The Dew Tour has two separate events: summer and winter. The Dew Tour gives street skiers, skaters, snowboarders, etc., the chance to participate with mainstream contenders. This is a chance that street contenders have not had before, and it gives skiers a chance to participate in the Winter Olympics. The Panasonic Dew Tour held in 2007 offered a total of $2.5 million in prizes.

Baltimore Marathon 

The Camden Yards Sports Complex is home of the Baltimore Marathon, which is arguably "one of the best races on the east coast." In 2016, the race will start on October 15 and features a variety of different races. The Baltimore Marathon includes the full marathon, half marathon, team relay, 5K, kid's fun run, and the BaltiMORON-a-Thon. People of all ages can participate in specific events (according to age) and prices range from $15 to $280. The race began in 2001, and still follows the same course as the original race. It begins at Oriole Park at Camden Yards then winds its way through the streets of Baltimore passing by the Inner Harbor, Fells Point, Patterson Park, and many other sites in the city, ending in the same spot it began. The race is a total of 26.219 miles long. At the finish line in 2012, both the male and female winners received a prize of $25,000. The race has greatly evolved from the first Maryland Marathon in 1973.

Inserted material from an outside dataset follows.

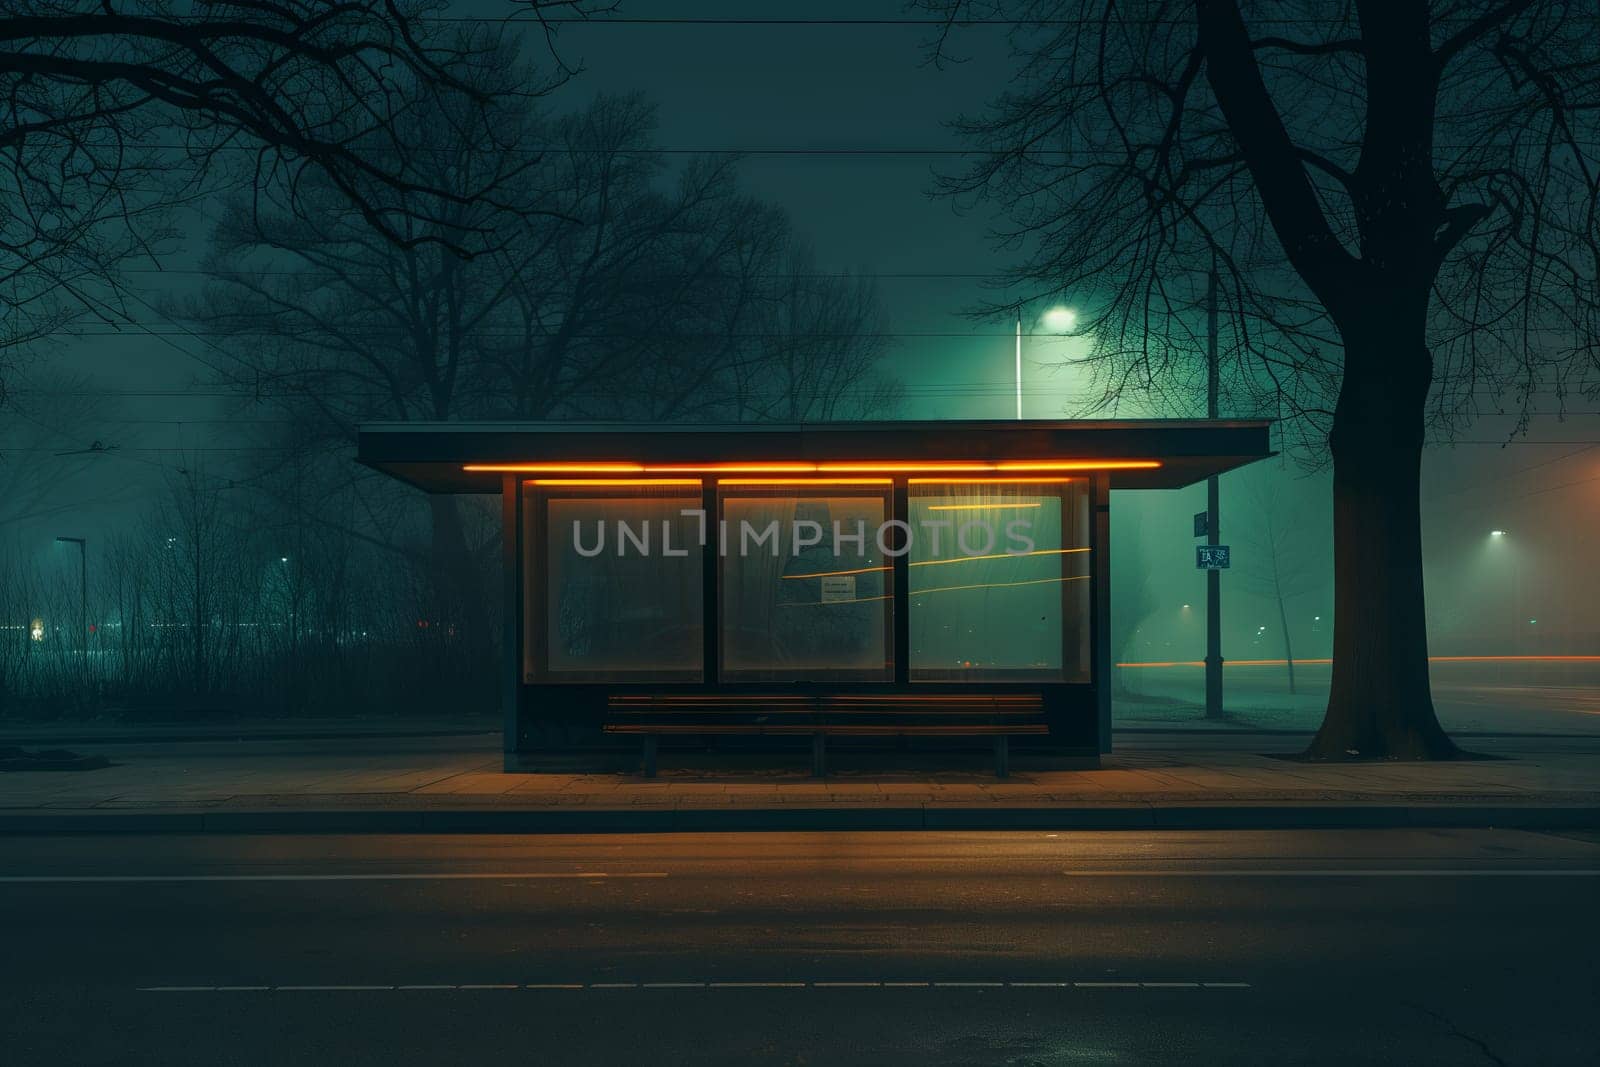 Amidst the foggy streets at midnight, a bus stop stands as a rectangle of shade under a tree, illuminated by automotive lighting. The sky tinted with shades of gas and wood

African American Festival 

The Camden Yards Sports Complex is also home to the African American Festival (or Afram). The African American Festival is a social gathering of the people of Baltimore where they come to celebrate African American music and culture. The festival is filled with various artists including poets, singers, rappers, entrepreneurs and other performers. The African American Festival has been taking place since 1976 and has featured appearances from people such as Ray Lewis, Vivica A. Fox, Elise Neal, Traci Braxton, the rapper Common, and much more. There is fun and games for children to participate in and everyone enjoys the family oriented vibe. It is one of the largest cultural events on the east coast and welcomes more than 350,000 people annually every summer. There is usually more than 150 vendors and two stages for entertainment. The African American Festival is a huge attraction each year.